Вьери Раццини - Современный итальянский детектив. Выпуск 2
— Пошел вон! — Затем повернулся к Энеа: — Вы все еще здесь? С вами закончили, неясно, что ли?
Энеа спросил, можно ли вызвать такси, и полицейский показал на телефон-автомат в конце коридора.
Он поехал на улицу Ренаи, будучи почти уверен, что не застанет Нанду. Велел водителю подождать и, когда на долгие звонки никто не ответил, отправился восвояси.
16
На заднем сиденье машины влюбленная парочка. Ей восемнадцать, ему — двадцать три. Они целуются, перешептываются, смеются. Девушка сбросила джинсы, теперь снимает блузку и лифчик.
Местечко называется Боскетта. Пахнет клевером и свежескошенным сеном. Машина стоит на извилистой тропинке и с обеих сторон зажата глухим кустарником. Все вокруг тонет в кромешной тьме новолуния.
Огромная тень продирается сквозь кусты к правому окошку. Уперев дуло в закрытое стекло, нажимает на курок. Первая пуля бьет парню в ухо, три следующие — в грудь. Но он очень живуч: скрючился на сиденье и кричит истошным голосом, истекая кровью.

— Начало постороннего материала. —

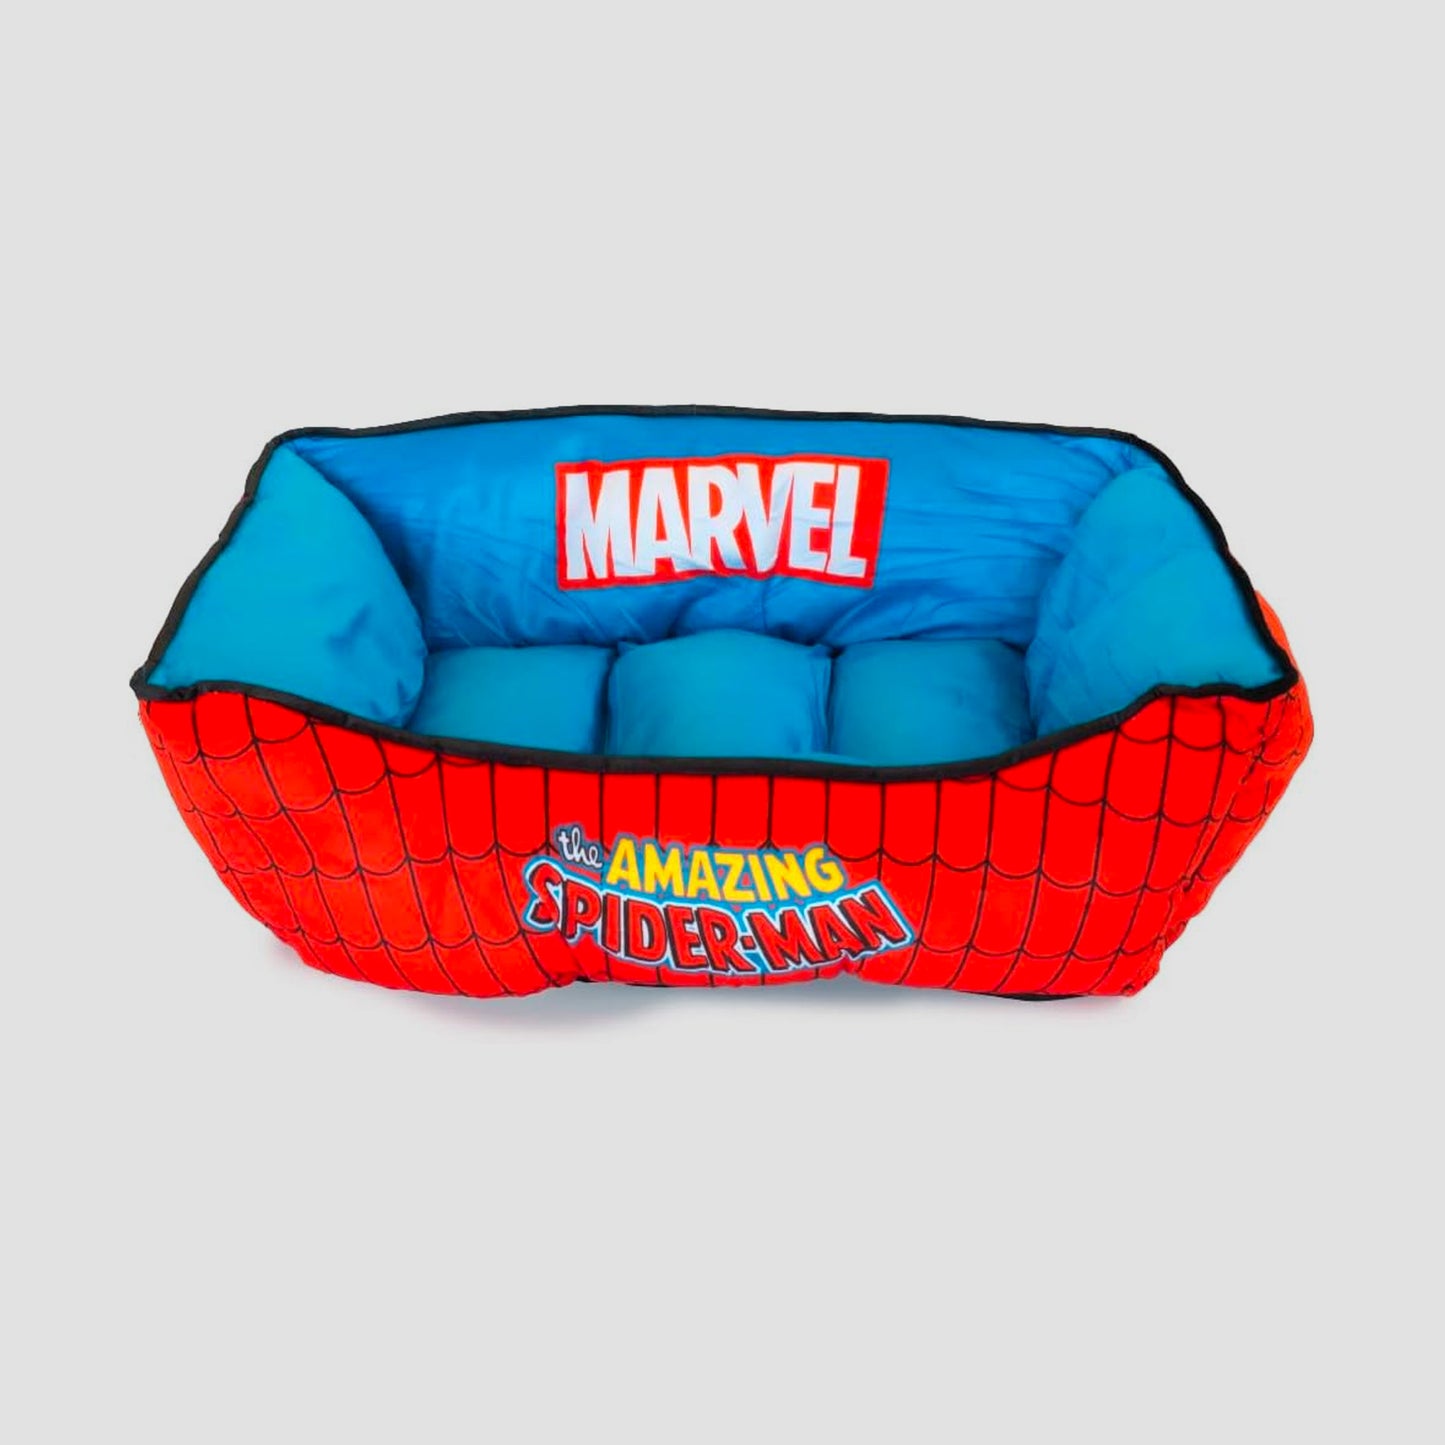 Spider-Man (Marvel) Medium Pet Plush Bed

А тот опять стреляет, хотя судорожные движения жертвы и затрудняют прицел. На этот раз пуля зацепила джинсы, висящие на спинке переднего сиденья. Парень как будто доходит; во рту у него клокочет кровавая пена.
Убедившись, что с ним покончено, убийца чуть поводит стволом револьвера — целится в девушку. Один-единственный выстрел — и пуля, скользнув по руке, поднятой в тщетной попытке заслониться, разворотила девице челюсть.
Человек, ломая кусты, открывает дверцу, наклоняется внутрь. Тело юноши сводит предсмертная дрожь, но нападающий все-таки вытаскивает лезвие и несколько раз вонзает его в теплую плоть. Сначала с яростью, потом все слабее (видно, уже выдохся).
Наконец он решает, что можно заняться девушкой. Взяв ее под мышки, вытягивает наружу. На ней только трусики да на шее и запястьях позвякивают цепочки и браслеты.
Человек с трудом передвигается в тесном пространстве между автомобилем и стеной из веток, но продолжает тащить девушку, спиной проделывая проход в кустарнике. Пятясь, доходит до клеверного поля. Осторожно опускает на землю безжизненное тело, выпрямляется во весь рост, воздевает руки вверх, к черному небу, снова наклоняется, заносит нож.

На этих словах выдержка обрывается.